Before reading fellow AiPT columnist David Brooke’s reviews of the previous issues of Oz, I never had any inclination to read a Zenescope book. But curiosity got the best of me, and Dave helped catch me up on the miniseries before I read this latest issue. But the question still remains: is it good?
Oz #4 (Zenescope Entertainment)
Before we start the discussion of the issue proper, take a look at this cover, courtesy of artist Mike Capprotti:
Hey, kids… BOOBS!
That’s the image on the cover that I received, “Cover B.” A ridiculous image, yes, but at least it’s not as bad as Cover D by Paolo Pantalena:
Now why on Earth aren’t more women reading comics?
To be fair, Zenescope does offer covers that aren’t all about T&A, like Cover E by Ale Garza:
I’ve always wanted the Tin Man to go straight-up Terminator.
But still, the vast majority of the covers that I’ve seen from Zenescope in general look like this issue’s Cover A by Ken Lashley:
Why do so many comic book heroines look like they’ve been trained to fight by the same stripper?
I’m bringing up all these covers to make a point. We’ve all been taught not to “judge a book by its cover,” and from a storytelling standpoint, that tends to be true. I’ve read plenty of great books with terrible covers, and vice versa.
But from a marketing standpoint, it’s a bit more complicated. Publishers choose to print covers that they believe will best appeal to the target audience. Sure, there’s always the hope that they can gain new readers outside of the target demographics, but it would be foolish to adorn Oz #4 with a cover of, say, Scarecrow sitting contemplatively on a stump in a quiet forest.

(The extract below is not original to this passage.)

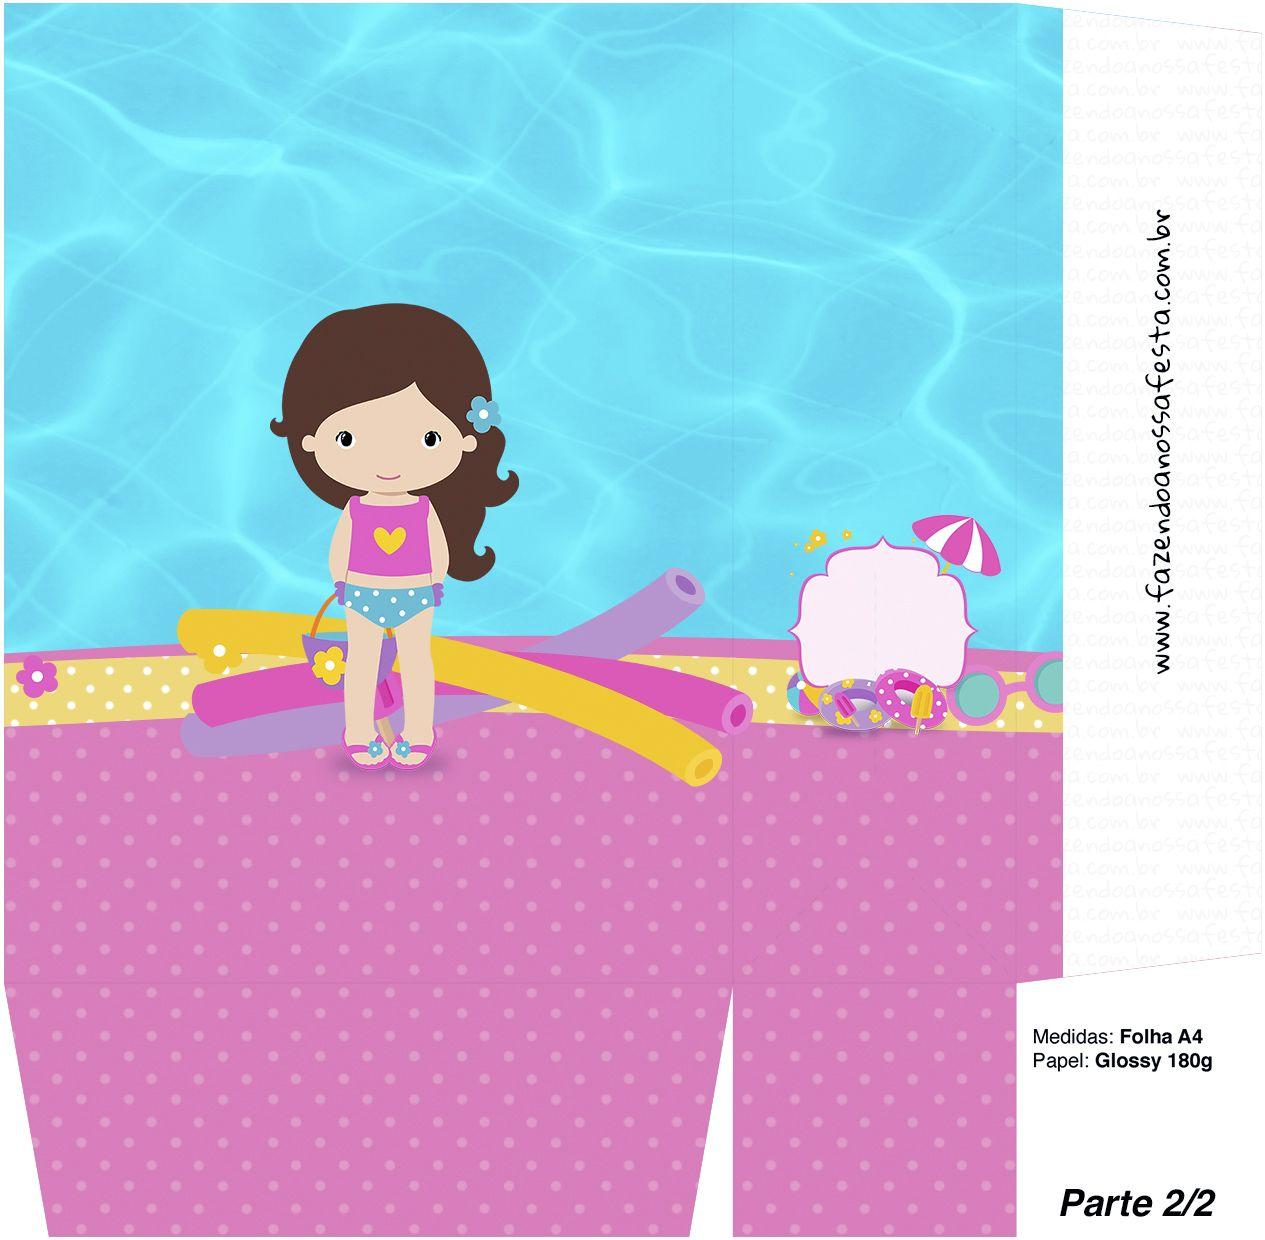 Sacolinha Surpresa Pool Party Menina Parte 2 Pinterest Molde

Comic book covers in particular rarely give any sort of preview for readers in terms of plot details, but they set a tone and speak to potential consumers.
And what most of these covers say is: “If you like watching hyper-sexualized female icons of folklore and the public domain fighting monsters in bloody retellings of classic fairy tales, you will love this comic.”
I’m not even trying to be facetious. Some people like this sort of thing, and I don’t mean to judge those that do. There’s clearly an audience for these kinds of comics, but it’s an audience that I am not part of. That makes this a very difficult comic for me to review. It’s like I’m judging a cheese competition, despite knowing how much I hate cheese.
In all fairness, once you stop looking at the cover and read the story inside Oz #4 is relatively tame, compared both to the covers and to the previous issues. Written by Zenescope President and CCO Joe Brusha (who co-created with Zenescope Eic Ralph Tedesco the Grimm Fairy Tales line of which Oz is a part), this issue of Oz seems to focus mainly on the ersatz Cowardly Lion and his info dump of a “tragic” back story. As a result, pencillers Rolando Di Sessa and Miguel Mendonca don’t have as many excuses to draw witches in suggestive poses, or Dorothy’s clothes (which she clearly bought just to piss off Auntie Em) coming closer, ever closer, to falling off, although the artists certainly take the opportunities when they can.
The biggest problem with this comic is not that it’s too sexy or too violent, but that it’s too bland. I didn’t remotely care about any of the characters or what would happen to them (except maybe the Tin Man, because if there’s one thing that Frank L. Baum’s original Oz stories lack, it’s a Terminator).
Joe Brusha’s writing is riddled with clichés, both in terms of plot and dialogue. The pencils by Di Sessa and Mendonca are functional at best, though at worse their faces fail to convey proper emotions, and juvenile depictions of women aside, they have a flawed sense of emotion and body language. Inker Glauber Matos goes a bit overboard with the shadows, but that’s probably not his fault, given what Zenescope seems to think constitutes a “dark” and “mature” story. Colorist Grosieta doesn’t have much to work with either, in that regard. Jim Campbell actually seems like a pretty decent letterer — he has some interesting tricks up his sleeve, yet he uses them sparingly enough that it doesn’t disrupt the little flow the story has—but until he gets better assignments, it’s doubtful that he’ll get any recognition for it.
If you’re a part of what seems to be the target audience for Zenescope comics, it’s hard to imagine that Oz #4 will give you what you’re looking for. If you’re just hoping for a compelling story with believable characters, you’ll be even more disappointed.
- Doesn’t rely as much on mindless sex and violence as you may expect.
- Badass Robot Tin Man could make a sweet action figure.
- If you’re looking for a comic that’s as raunchy as its cover, you won’t find it here.
- Mediocre-at-best artwork.
- Plot and dialogue is strictly by the numbers.
Is It Good?
Not by my standards. And probably not by yours, either.